Machines Locked Down

The Charlottesville registrar's office has tested every voting machine that will be used for Tuesday's Republican presidential primary, and now the machines are locked up until March 6.

Virginia has an open primary, meaning that any of the city's 28,000 registered voters can cast a ballot on Super Tuesday. But they won't have many options. 

Congressman Ron Paul and former Massachusetts Governor Mitt Romney are the only candidates who qualified to make the Virginia ballot. And since Virginia does not allow write-in candidates, Paul and Romney will be the only two choices for voters.

March 1, 2012

Virginia will be one of the ten states holding its Republican presidential primary on Super Tuesday.

Since city schools are in session on Tuesday, March 6, Charlottesville voters will cast their ballot for either Mitt Romney or Ron Paul while kids are right next door in class.

“This only happens once every four years. We’re so fortunate in November that our November election schools are closed,” Charlottesville registrar Sheri Iachetta explained.

Four elementary schools are used as voting precincts in Charlottesville – Walker Upper, Venable, Johnson and Clark. Iachetta says parking and traffic are her biggest worries. To combat those potential problems, police will be at each school assisting with traffic.

Iachetta hopes voters will plan ahead on Tuesday and do their best to avoid the busiest times of the school day.

“There’s going to be a point in time where the school buses are dropping the kids off in the morning and then picking them up in the afternoon,” she said.

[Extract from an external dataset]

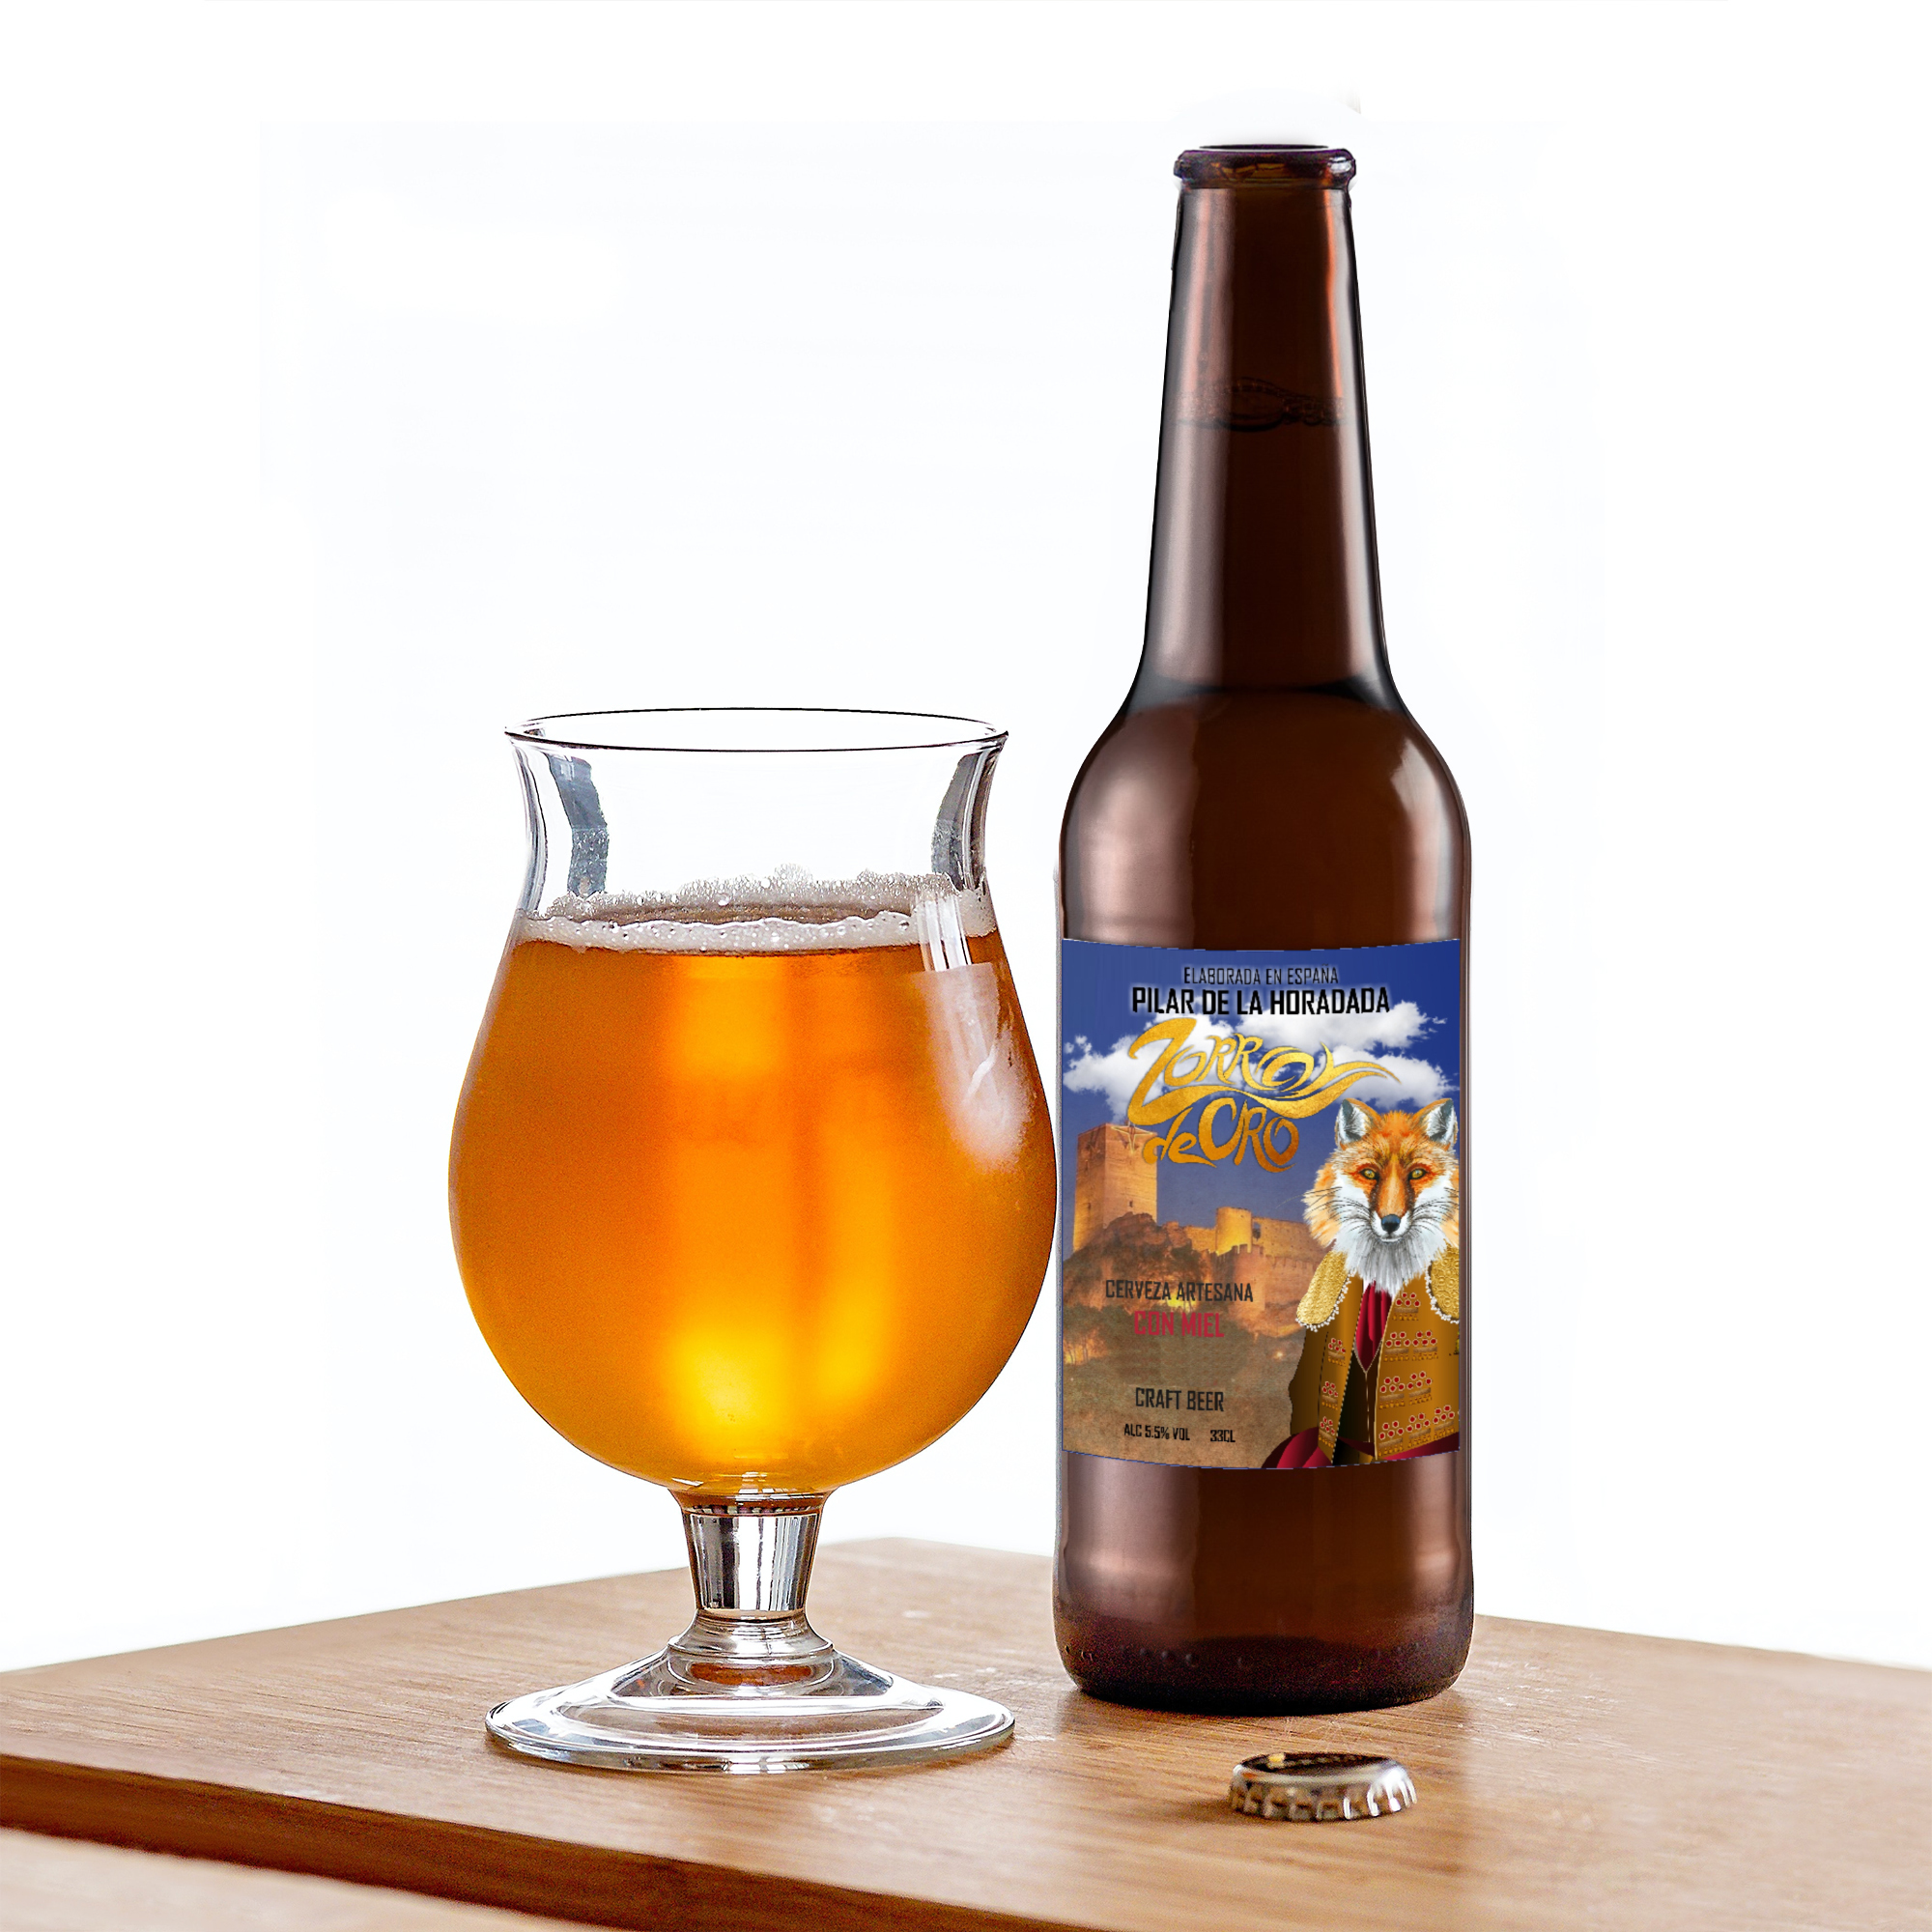 Cerveza de miel, 5.5%

Familiar voting locations within schools will also change to avoid disrupting the students. For example, voting at Johnson Elementary will not take place in the cafeteria because the kids will need to use it for lunch.

“It will be the entryway in the auditorium,” Iachetta said. “There will be clear signs and volunteers to help.”

And one final logistical note, construction on the new Jefferson School City Center means voters normally assigned to the Carver precinct will instead vote at the Virginia Institute of Autism (VIA) on Tuesday. That building is located at 1414 Westwood Road.